# WHAT YOU HAVE TO DO
Begin at the line below that has "Range Rover Evoque" and stop after the line that has "savonah-burn-scar-portrait-8108travis-dewitz". Please restate only those lines, word for word.

# EXERCISE MATERIAL
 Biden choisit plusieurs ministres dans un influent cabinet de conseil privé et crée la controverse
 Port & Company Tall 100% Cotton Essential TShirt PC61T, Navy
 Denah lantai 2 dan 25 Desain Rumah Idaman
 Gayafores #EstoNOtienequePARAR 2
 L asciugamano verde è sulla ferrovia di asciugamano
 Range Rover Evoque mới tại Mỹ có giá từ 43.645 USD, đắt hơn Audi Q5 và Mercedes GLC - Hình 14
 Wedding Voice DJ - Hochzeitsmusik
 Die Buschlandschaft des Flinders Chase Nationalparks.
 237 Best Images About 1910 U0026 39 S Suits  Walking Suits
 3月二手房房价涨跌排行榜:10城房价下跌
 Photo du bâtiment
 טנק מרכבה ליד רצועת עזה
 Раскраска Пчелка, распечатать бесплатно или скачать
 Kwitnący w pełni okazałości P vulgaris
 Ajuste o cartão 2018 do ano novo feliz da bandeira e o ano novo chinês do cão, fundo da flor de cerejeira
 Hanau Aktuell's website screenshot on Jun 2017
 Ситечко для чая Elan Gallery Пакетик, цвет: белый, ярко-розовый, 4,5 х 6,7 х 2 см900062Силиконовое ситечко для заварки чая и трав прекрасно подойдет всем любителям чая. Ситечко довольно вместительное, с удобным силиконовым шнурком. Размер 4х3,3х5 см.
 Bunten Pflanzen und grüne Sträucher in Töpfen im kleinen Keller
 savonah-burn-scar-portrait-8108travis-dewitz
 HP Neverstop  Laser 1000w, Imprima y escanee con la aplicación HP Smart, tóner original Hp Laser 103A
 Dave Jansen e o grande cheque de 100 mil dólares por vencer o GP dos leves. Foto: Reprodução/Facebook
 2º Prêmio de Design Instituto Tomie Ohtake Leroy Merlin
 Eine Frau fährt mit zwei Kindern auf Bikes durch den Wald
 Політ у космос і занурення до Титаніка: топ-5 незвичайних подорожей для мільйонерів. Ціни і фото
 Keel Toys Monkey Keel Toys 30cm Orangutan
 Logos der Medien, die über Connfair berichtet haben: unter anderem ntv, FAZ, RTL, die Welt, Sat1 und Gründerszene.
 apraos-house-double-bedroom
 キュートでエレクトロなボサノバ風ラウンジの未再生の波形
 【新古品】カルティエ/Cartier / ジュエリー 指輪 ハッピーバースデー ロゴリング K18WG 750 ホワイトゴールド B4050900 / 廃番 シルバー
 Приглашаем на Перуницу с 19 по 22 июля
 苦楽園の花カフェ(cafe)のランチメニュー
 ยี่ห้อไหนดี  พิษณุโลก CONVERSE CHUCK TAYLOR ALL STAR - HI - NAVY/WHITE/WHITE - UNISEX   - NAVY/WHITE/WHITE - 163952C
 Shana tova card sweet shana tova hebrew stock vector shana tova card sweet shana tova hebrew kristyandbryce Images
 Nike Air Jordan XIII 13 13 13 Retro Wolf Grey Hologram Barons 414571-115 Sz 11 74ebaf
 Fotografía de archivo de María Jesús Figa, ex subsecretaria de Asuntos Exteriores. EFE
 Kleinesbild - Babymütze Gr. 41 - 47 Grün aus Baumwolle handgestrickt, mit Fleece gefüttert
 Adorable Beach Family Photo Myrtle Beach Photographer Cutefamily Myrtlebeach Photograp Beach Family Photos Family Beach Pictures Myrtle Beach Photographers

# SOLUTION BELOW
 Range Rover Evoque mới tại Mỹ có giá từ 43.645 USD, đắt hơn Audi Q5 và Mercedes GLC - Hình 14
 Wedding Voice DJ - Hochzeitsmusik
 Die Buschlandschaft des Flinders Chase Nationalparks.
 237 Best Images About 1910 U0026 39 S Suits  Walking Suits
 3月二手房房价涨跌排行榜:10城房价下跌
 Photo du bâtiment
 טנק מרכבה ליד רצועת עזה
 Раскраска Пчелка, распечатать бесплатно или скачать
 Kwitnący w pełni okazałości P vulgaris
 Ajuste o cartão 2018 do ano novo feliz da bandeira e o ano novo chinês do cão, fundo da flor de cerejeira
 Hanau Aktuell's website screenshot on Jun 2017
 Ситечко для чая Elan Gallery Пакетик, цвет: белый, ярко-розовый, 4,5 х 6,7 х 2 см900062Силиконовое ситечко для заварки чая и трав прекрасно подойдет всем любителям чая. Ситечко довольно вместительное, с удобным силиконовым шнурком. Размер 4х3,3х5 см.
 Bunten Pflanzen und grüne Sträucher in Töpfen im kleinen Keller
 savonah-burn-scar-portrait-8108travis-dewitz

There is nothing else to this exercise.